== EXERCISE MATERIAL ==
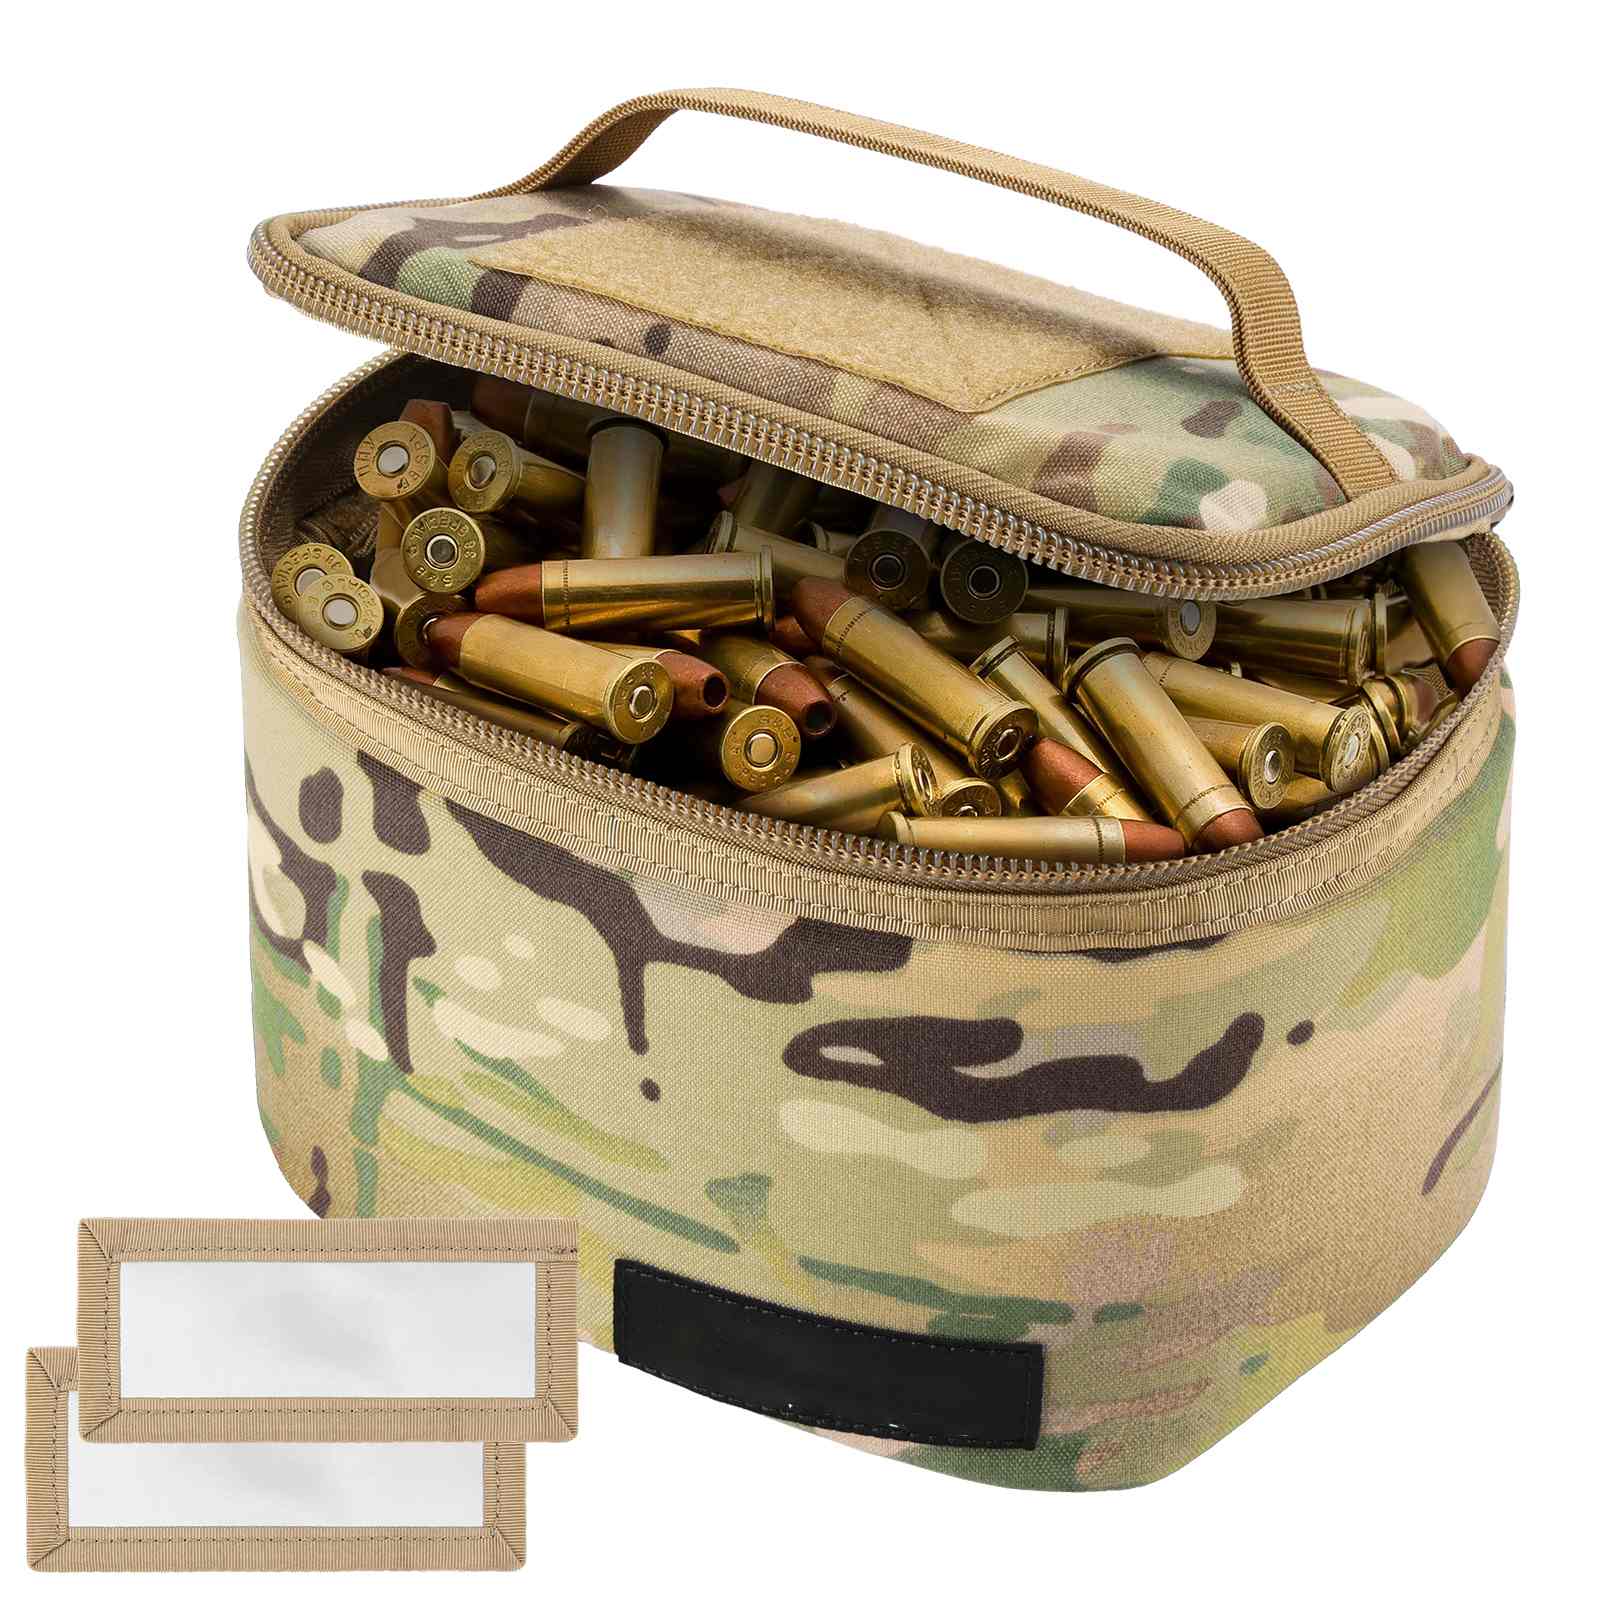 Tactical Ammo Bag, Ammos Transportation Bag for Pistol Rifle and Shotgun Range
===
== EXERCISE MATERIAL ==
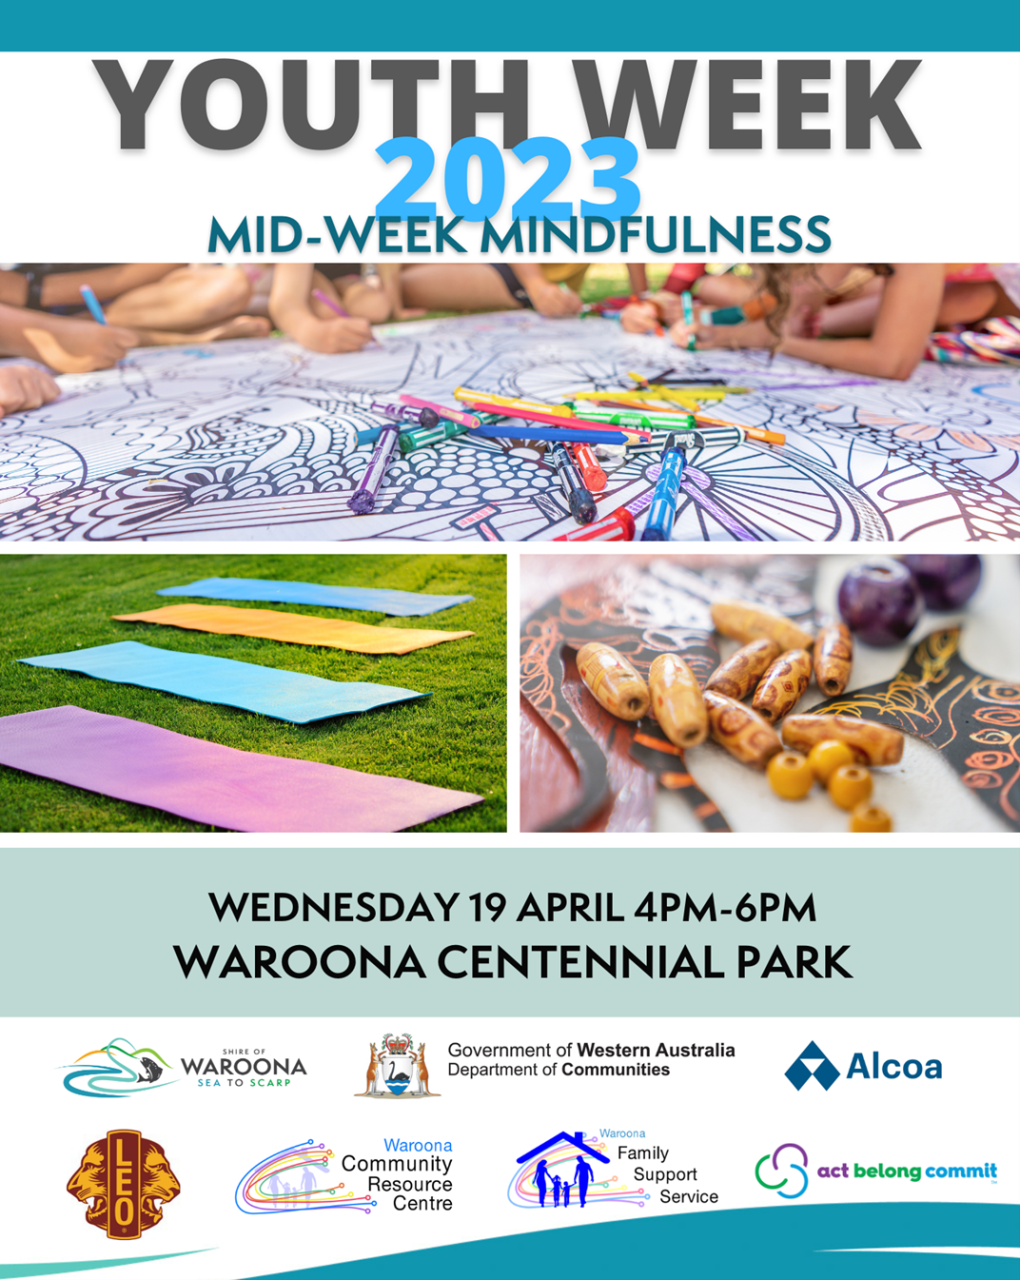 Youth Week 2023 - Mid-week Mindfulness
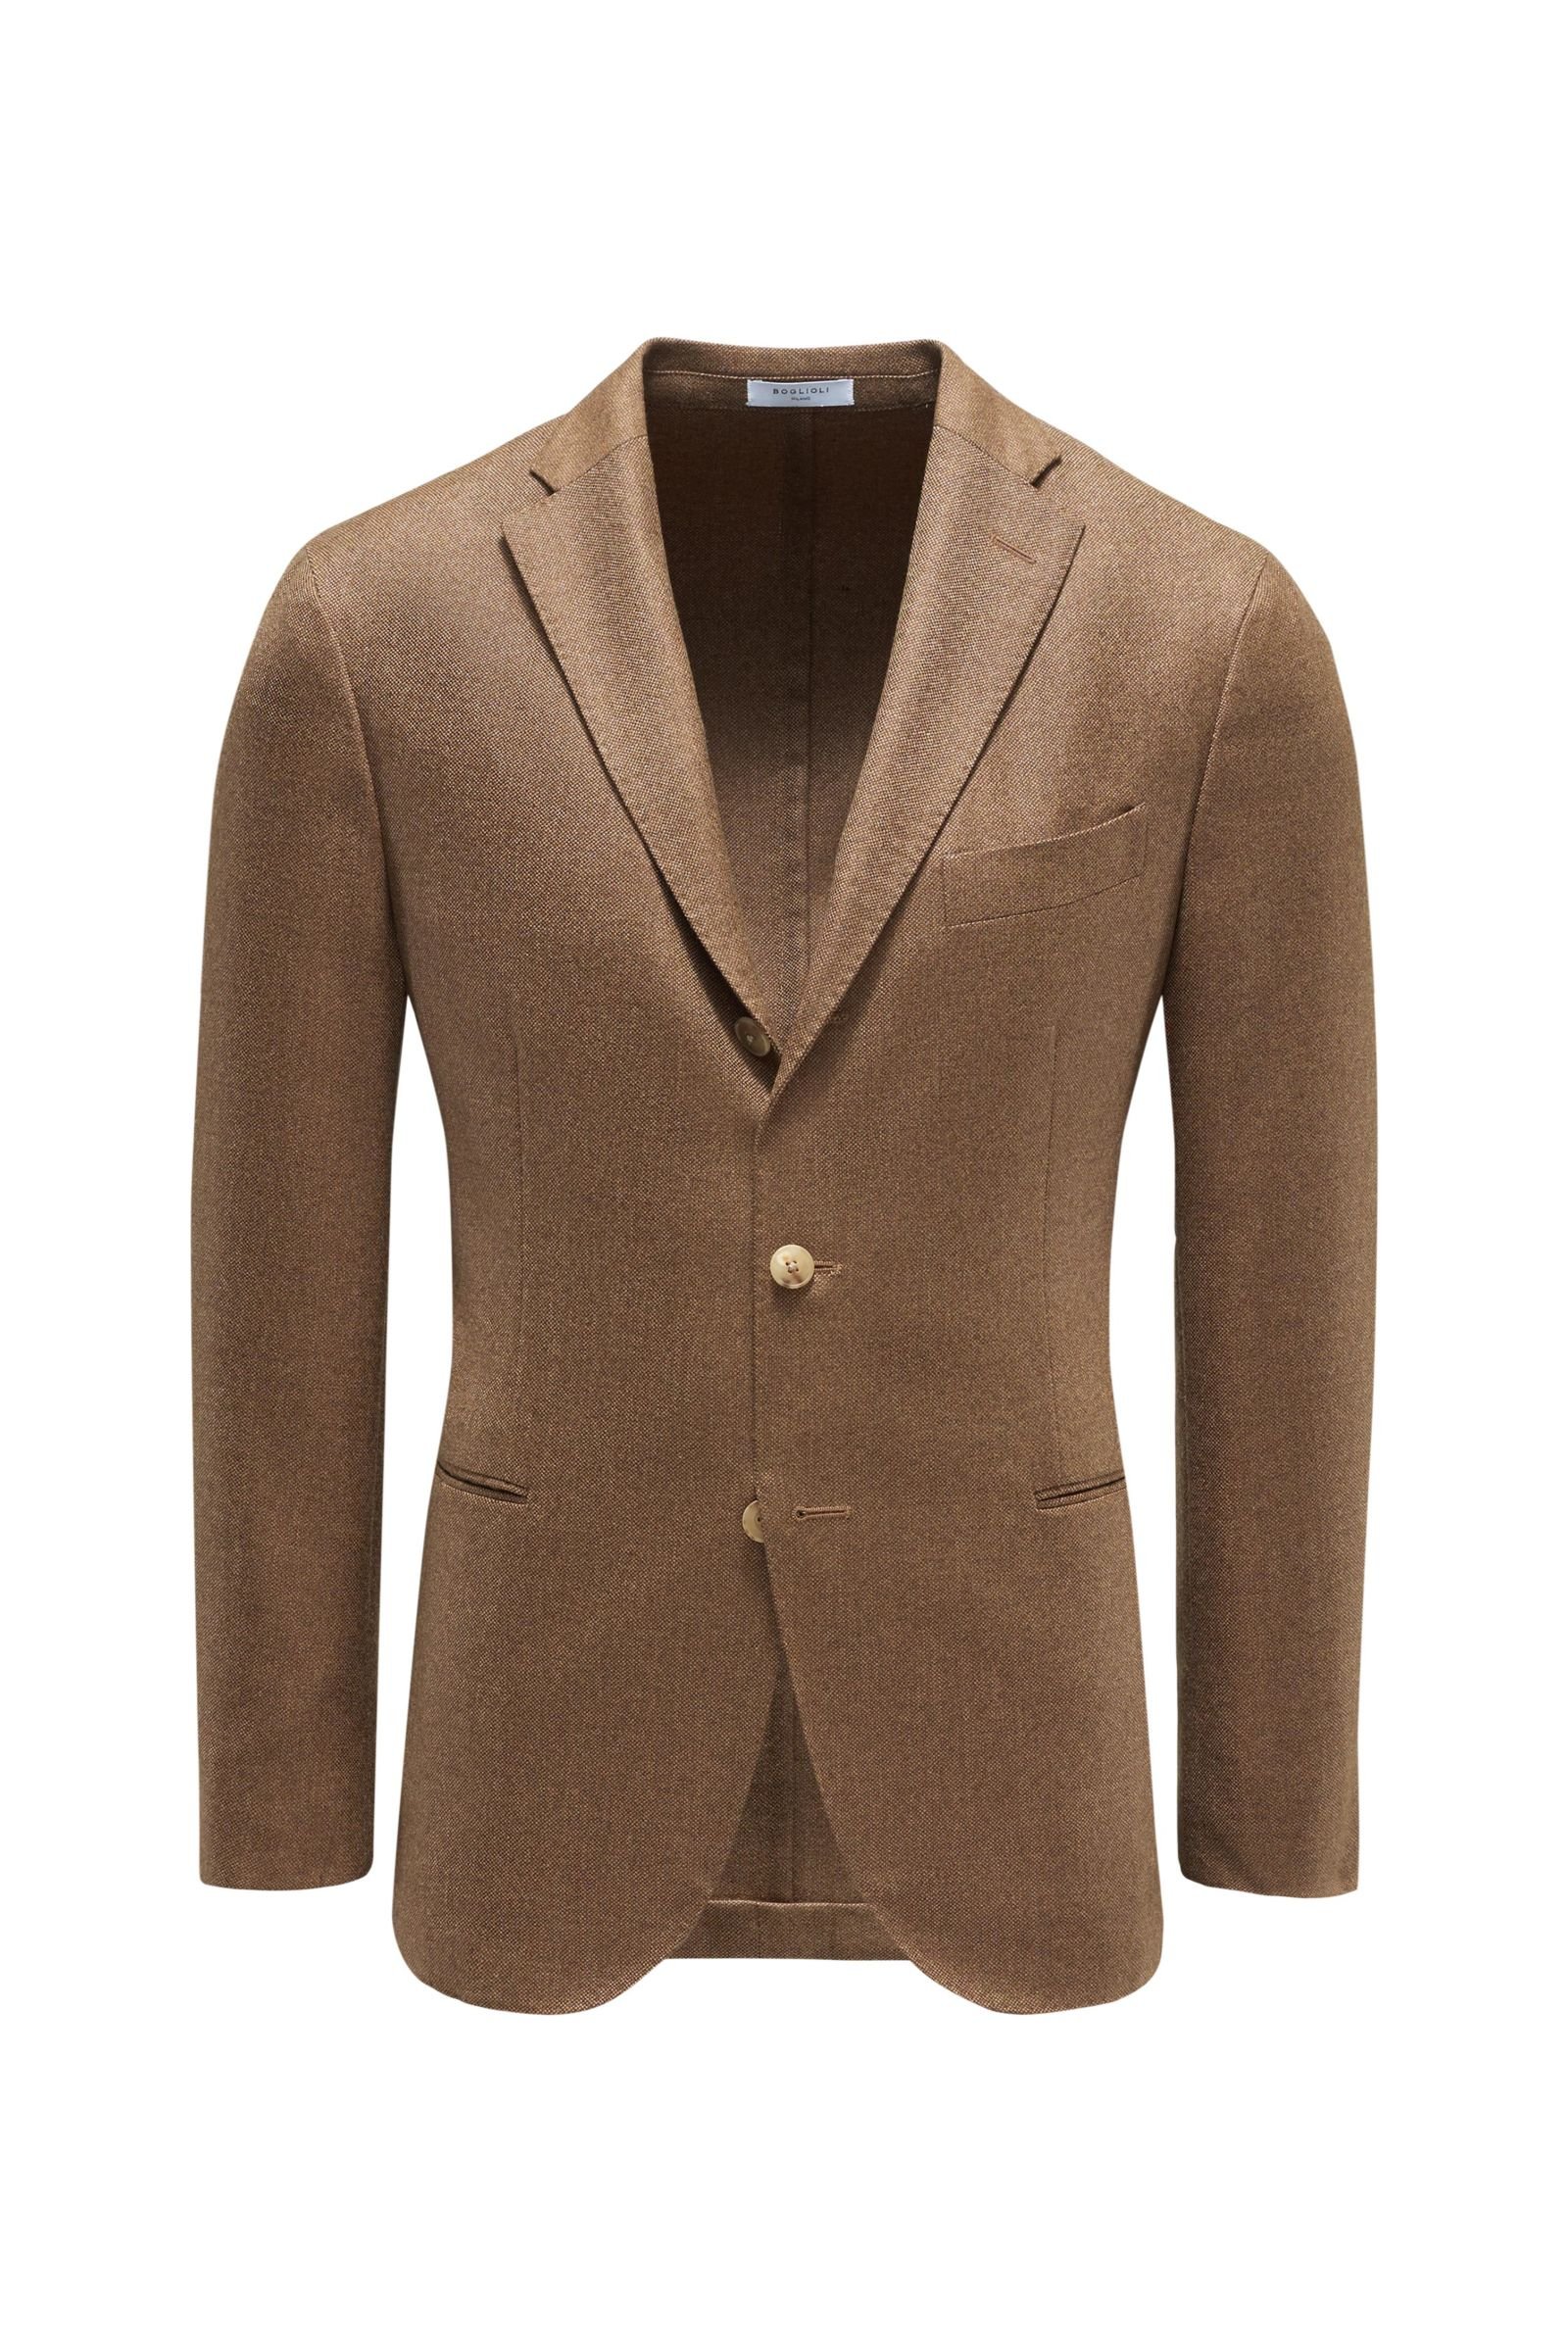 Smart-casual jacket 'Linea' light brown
===
» **TASK DESCRIPTION**:
Copy only what lies between the line with "Youth Week 2023 - Mid-week Mindfulness" and the line with "Smart-casual jacket 'Linea' light brown", those two lines included, exactly as given above; pictures stay out.

» **OUTPUT**:
 Youth Week 2023 - Mid-week Mindfulness
 Smart-casual jacket 'Linea' light brown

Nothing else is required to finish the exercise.